I get by with a little help from my friends.
Short version: Sagrada was impossible for me to play out of the box without colorblind accessibility add-ons and assistance from other players.
The game: Sagrada is a basic dice placement game with a stained glass window theme. If you haven’t played, read or watch a review, then come back.
The colors: I had the most trouble distinguishing the blue and purple dice. Red and green weren’t as problematic, because in the version I played they were pretty much “Crayola Red” and “Crayola Green.” Of course, your experience will vary.
The game board itself was equally tricky, especially for blue and purple.
Help!: The solutions I used were threefold. First, when choosing a game board I self-limited to one with very few blue or purple squares. Second, my friend Chad (follow him at Cast Iron Game Lab and Twitter) created this add-on that made a huge difference. After each roll we simply sorted the dice by color (elapsed time: 3 seconds) and continued from there. That little piece of paper literally changed my Sagrada experience from unplayable to playable.
Third, I asked other players to remind me what I was looking at on my board. Since I avoided blue and purple at the front end, I didn’t need this help too often. I tried to not purposely avoid those colors during play, but I’m sure I sometimes did so I wouldn’t have to ask for help as often.
After a few friendly games at work, I went “next level” later in the month, playing in a Sagrada tournament at my LFGS, Blue Highway Games. I brought my paper-boxes tool and asked players to support my needs, which they were happy to do. I was a bit more apprehensive to ask about my board throughout each match, but I still requested help as needed.
I did not win the tournament, but I also did not feel out of place. I was proud to participate in a color-based board game event and grateful for the support from the gaming community.
The verdict: Sagrada can be enjoyable with a friendly group of gamers, particularly those who know you and your needs. It could elicit anxiety if you’re uncomfortable sharing your color vision deficiency. I know sometimes I am.

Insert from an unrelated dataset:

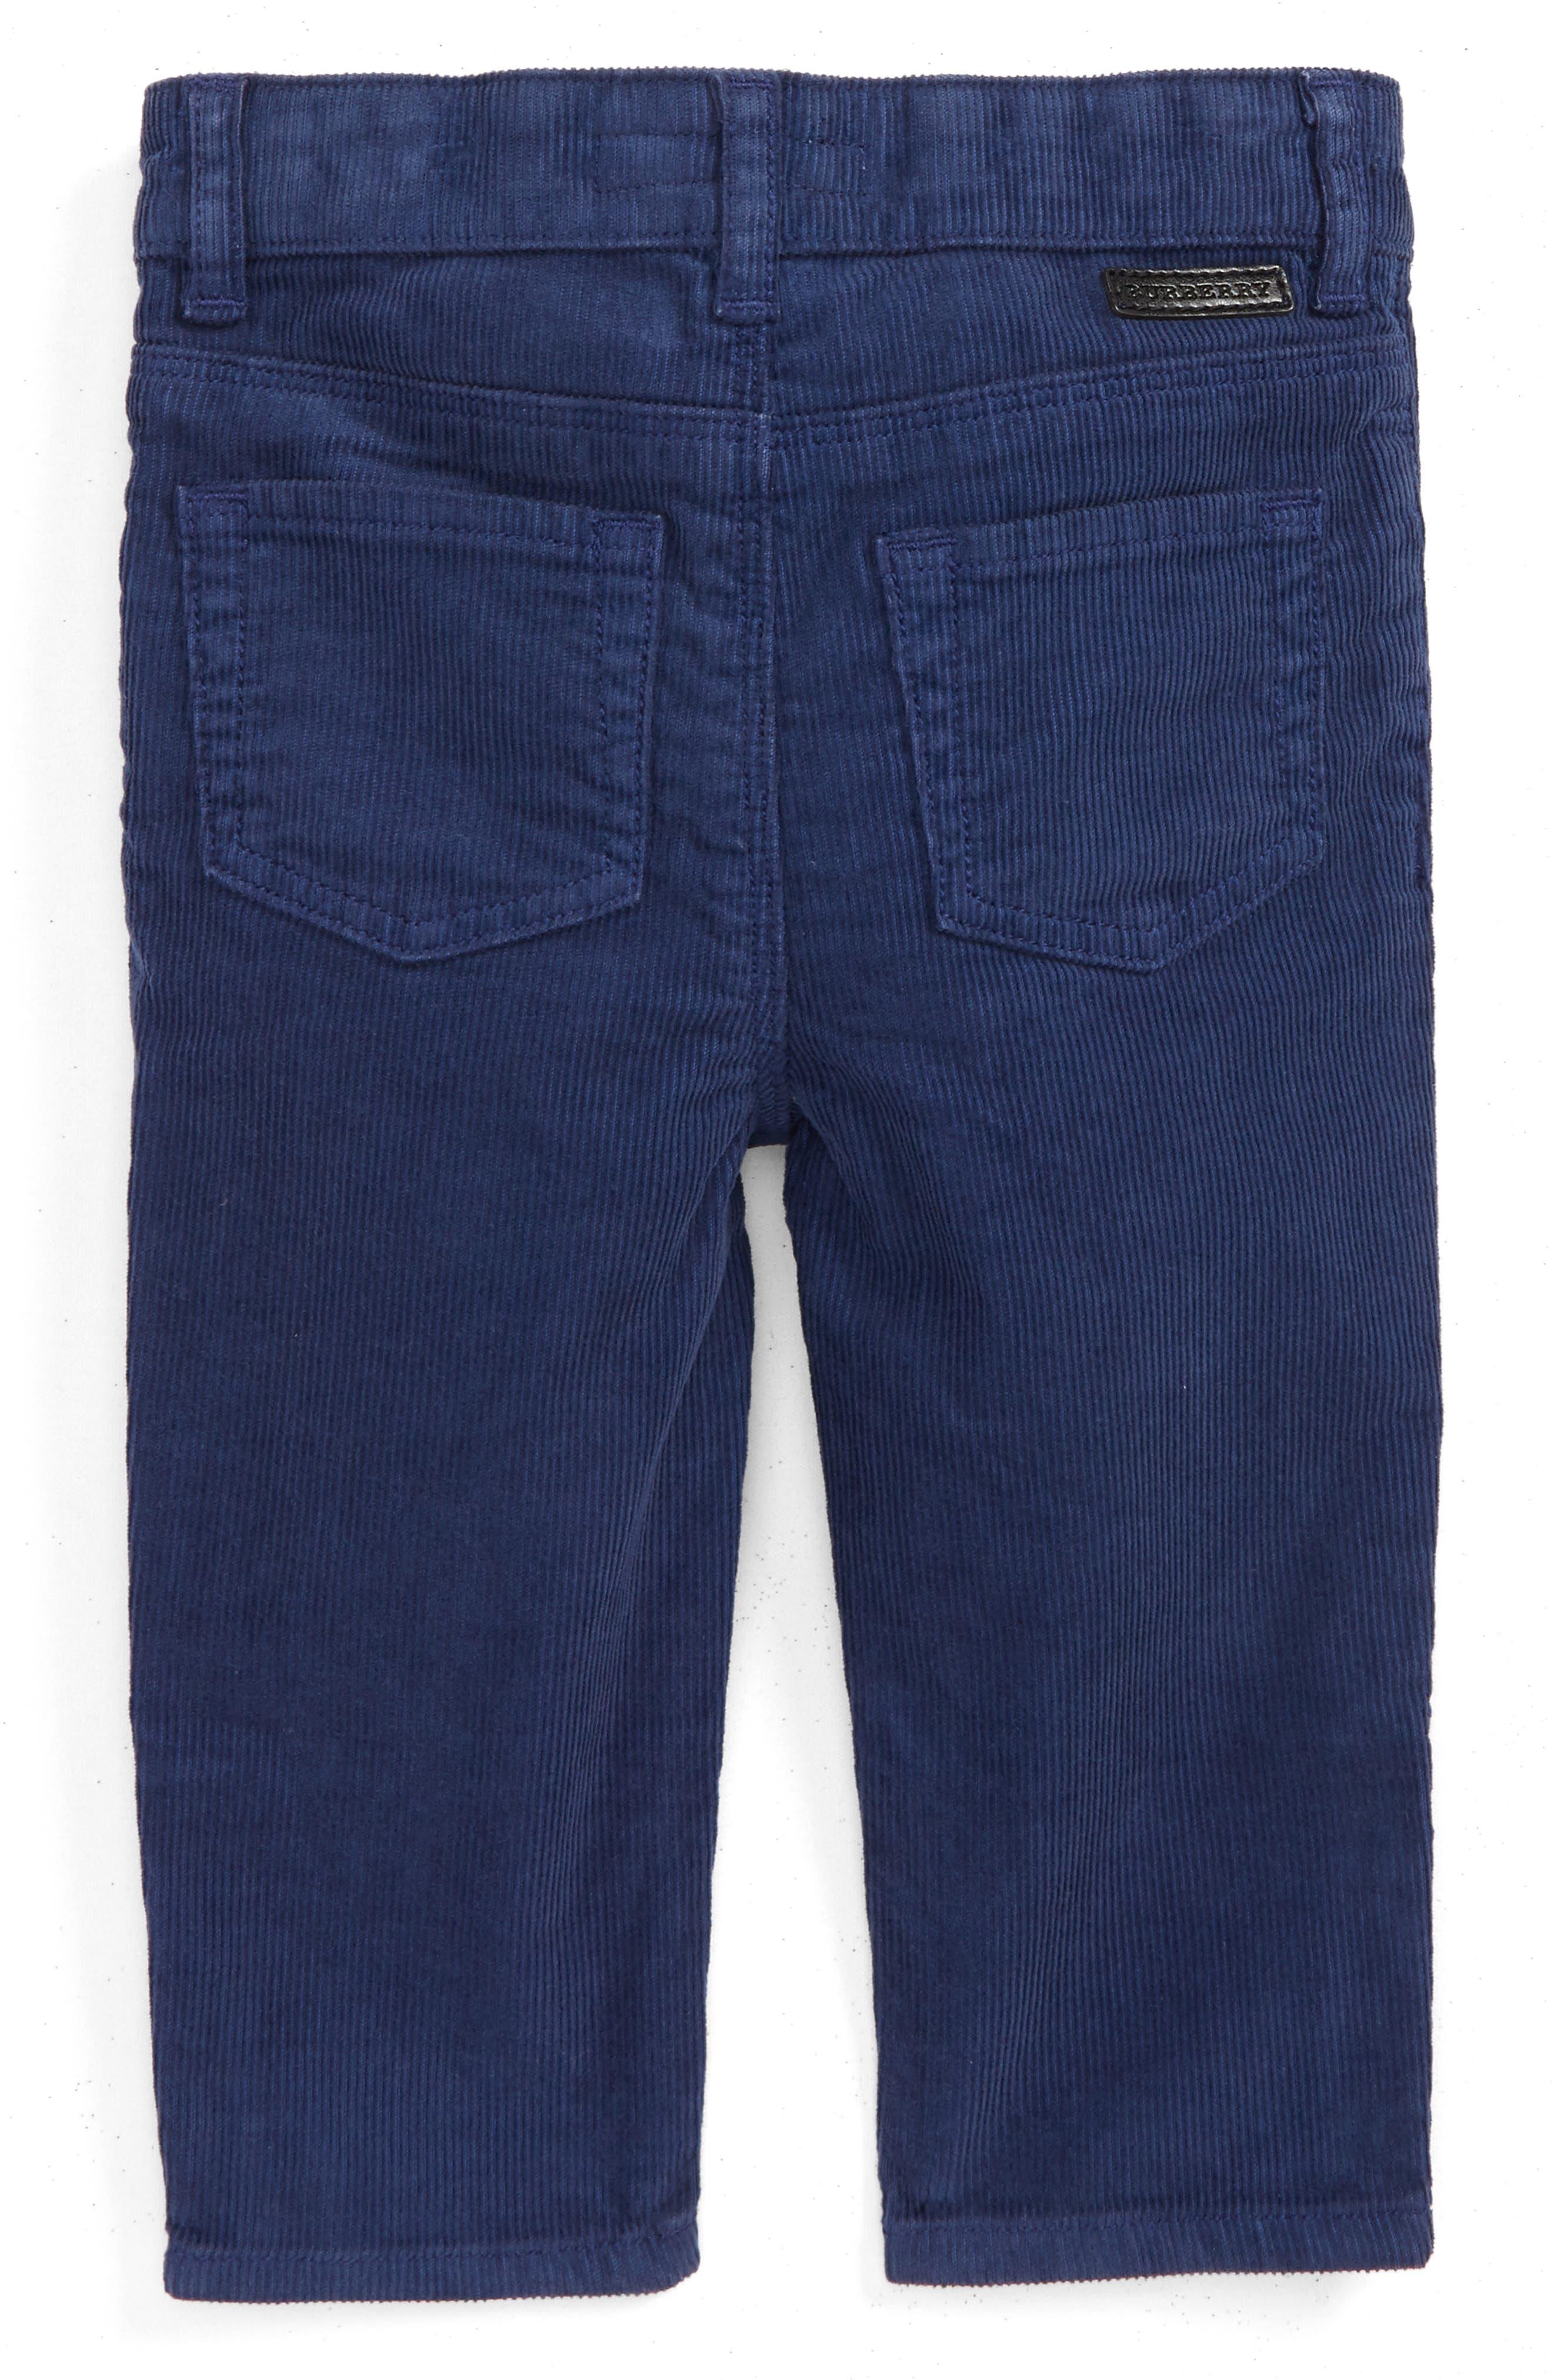 Langston Corduroy Skinny Pants,                             Alternate thumbnail 2, color,                             Blue

The fix: This one is a little tricky. Of course, I managed with the dice-color-boxes and help from other players. If I owned a copy I could change the purple dice’s pips from white to black, write color names on every square, and/or switch blue and purple dice to black and white. These would solve the playability issues, but at the cost of immersion. I think there is an opportunity to design more elegant solutions that support accessible play while maintaining theme.